Coal chemical business: collaborative development, still incremental. The main products of the company’s coal chemical business are olefins, urea and methanol. The total capacity of coal chemical industry is 4.55 million tons / year and the equity capacity is 4.4 million tons / year. Among them, the current production capacity includes Shanghai Pudong Development Bank Co.Ltd(600000) tons / year of polyethylene, Shanghai Pudong Development Bank Co.Ltd(600000) tons / year of polypropylene, 1.75 million tons / year of urea and 1.6 million tons / year of methanol; The project under construction has a capacity of 300000 t / a polyethylene and 450000 T / a polypropylene of Yulin Energy Chemical. In addition, the joint-stock company Yanchang coal Yulin Energy Chemical has a polyethylene production capacity of 1.9 million tons / year and a methanol production capacity of 3.6 million tons / year. Zhongtian hechuang has a polyethylene production capacity of 1.37 million tons / year and a methanol production capacity of 3.6 million tons / year. In 2021, the company internally digested 7.41 million tons of self-produced coal. Among them, Inner Mongolia Shaanxi coal chemical project procurement company has 4.62 million tons of coal.
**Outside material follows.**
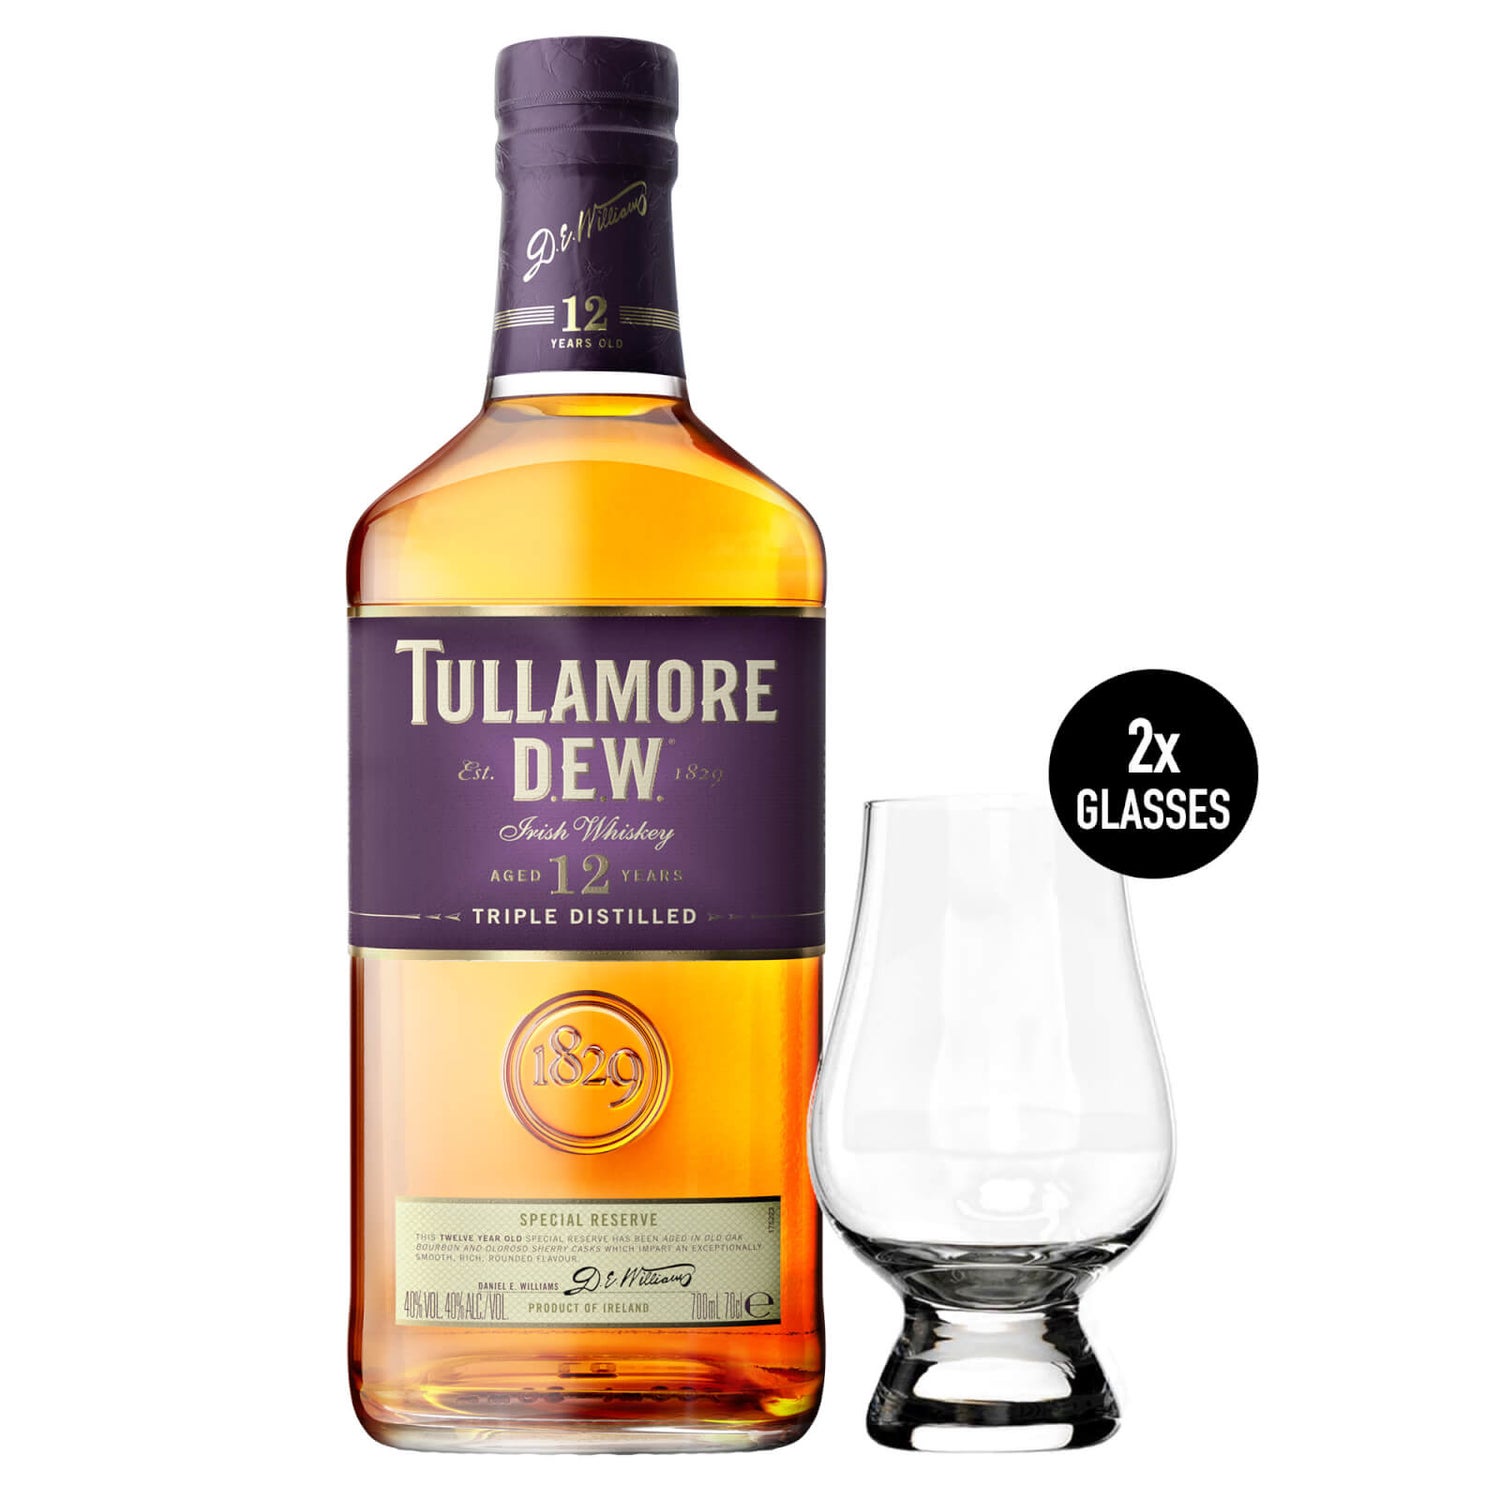 Tullamore D.E.W. 12 Year Old Special Reserve Irish Whiskey 70cl + 2 Glencairn Glasses in a Presentation Box

Methanol is partly supplied internally, and the internal consumption accounts for 65%, with obvious synergistic advantages.
Profit forecast and Valuation: the proportion of the company’s long-term association is as high as 80%. The benchmark price of the long-term association has been raised from 535 yuan / ton to 675 yuan / ton since 2022. The company will fully benefit and ensure its long-term performance. We predict that the company’s net profit attributable to the parent company from 2022 to 2024 will be 25.349 billion yuan, 29.257 billion yuan and 31.685 billion yuan respectively, with a year-on-year increase of 91%, 15% and 8%, equivalent to EPS of 191, 2.21 and 2.39 yuan / share respectively. The current share price is 9.39 yuan, corresponding to PE of 4.9, 4.3 and 3.9 times respectively. Considering the high prosperity of the industry, the company benefited from the improvement of the pricing benchmark of the long-term association. At the same time, the scale of the main industry coal and chemical industry is still growing, the valuation is low, and the company is given a “buy” rating for the first time.
Risk tips: (1) the risk of coal price falling beyond expectations. (2) The progress of Mines under construction and nuclear added mines is less than the expected risk. (3) Risk of sharp rise in coal chemical costs. (4) Macroeconomic downturn risk. (5) The public materials used in the research report may have the risk of information lag or untimely update.